Developing an Amazon Movie Scraper

  Thread Rating:
  • 1 Votes - 5 Average
  • 1
  • 2
  • 3
  • 4
  • 5
Post Reply
jelockwood Offline
Senior Member
Posts: 111
Joined: Mar 2008
Reputation: 0
Post: #21
C-Quel Wrote:try this....

http://pastebin.com/m657636a8

old but with cleanup + minor changes should work

Many, many, many thanks for pointing me towards this. I felt I was getting closer to getting the GetSearchResults working but had not yet succeeded. Yours does work.

For your information I found the following results from your unmodified Amazon scraper.

1. It successfully did a CreateSearchUrl
2. It only listed one result using its GetSearchResults
3. When that result was used it only succeeded in filling in "Studio", "Runtime" and obtaining the movie thumbnail.

I have so far 'improved' it by

1. Listing the entire page of results returned by Amazon (a maximum of twelve results). This was done by adding a repeat command to your GetSearchResults.
2. Filling in the movie "Title", "Year" (the proper film year not the DVD year), and the "Plot".
3. I have very slightly changed the filename you used for the movie thumbnail to one I believe will still return a result in a very few cases yours might not. My modified filename will always return the largest available artwork (usually 500 pixels) whereas yours would only get 500 pixel tall artwork and I believe a very few DVDs may not have artwork available that big.

While I have added/changed the code to also do "Directors" and "Actors", this is not working. My currently not working approach was to have a first regex to get the block listing all the actor(s) or director(s) and then a second regex which is supposed to extract the individual names from that block.

My efforts so far can be obtained from the following link

http://homepage.mac.com/jelockwood/.Publ...ustest.zip

As far as I can see there is no available information on the Amazon product page to do MPAA rating (Amazon use a GIF and no text), nor a tagline or summary, genre, or writer. There might be a way of getting a rating (that is reader score) by using the following text align="absbottom" alt="4.5 out of 5 stars" height="12". Note: There are several entries of this text in a product page and we would always want to look only at the first.

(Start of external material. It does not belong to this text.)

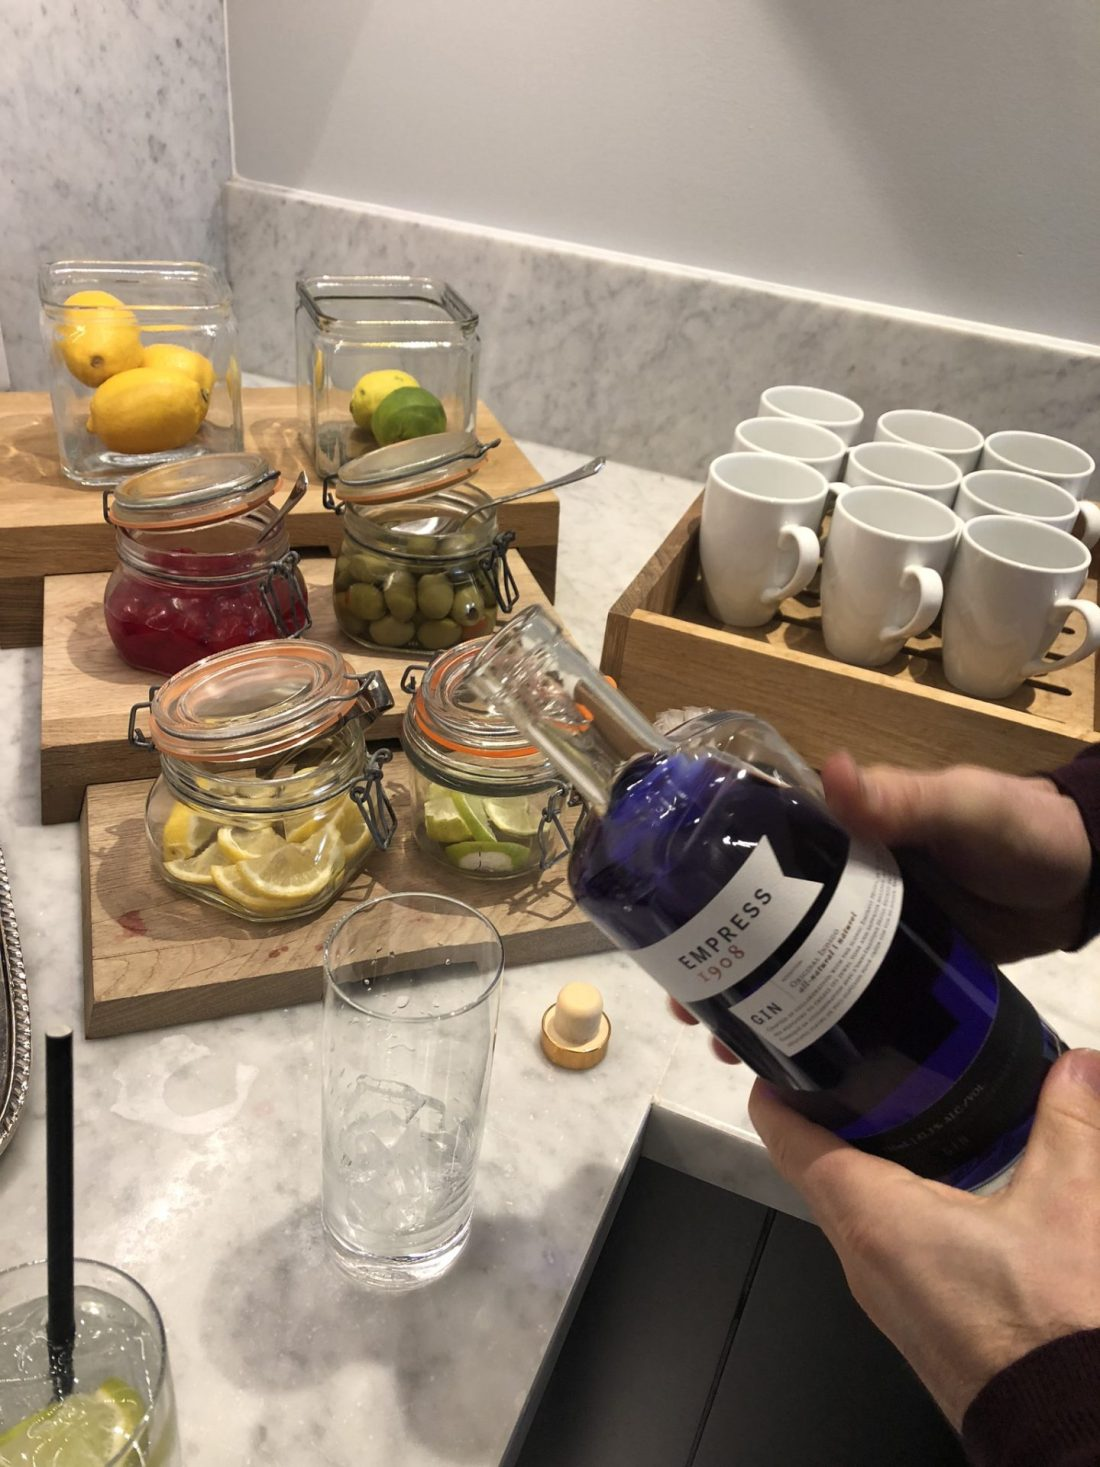 Empress indigo gin in the Fairmont Empress Gold Lounge, Victoria

If anyone else would like to help out it would be much appreciated. In particular getting the actor(s) and director(s) working is a priority.

For everyone's benefit this is what the block containing all the actors looks like

Code:
<li> <b>Actors:</b> <a href="/s?ie=UTF8&search-alias=dvd&field-keywords=Charlton%20Heston">Charlton Heston</a>, <a href="/s?ie=UTF8&search-alias=dvd&field-keywords=Edward%20G.%20Robinson">Edward G. Robinson</a>, <a href="/s?ie=UTF8&search-alias=dvd&field-keywords=Dick%20Van%20Patten">Dick Van Patten</a>, <a href="/s?ie=UTF8&search-alias=dvd&field-keywords=Chuck%20Connors">Chuck Connors</a>, <a href="/s?ie=UTF8&search-alias=dvd&field-keywords=Joseph%20Cotten">Joseph Cotten</a></li>

And the Directors block is virtually identical

Code:
<li> <b>Directors:</b> <a href="/s?ie=UTF8&search-alias=dvd&field-keywords=Richard%20Fleischer">Richard Fleischer</a></li>
find quote
jelockwood Offline
Senior Member
Posts: 111
Joined: Mar 2008
Reputation: 0
Post: #22
I made good progress today and have now managed to also get "Directors", "Actors", "Rating", and "Votes" all working!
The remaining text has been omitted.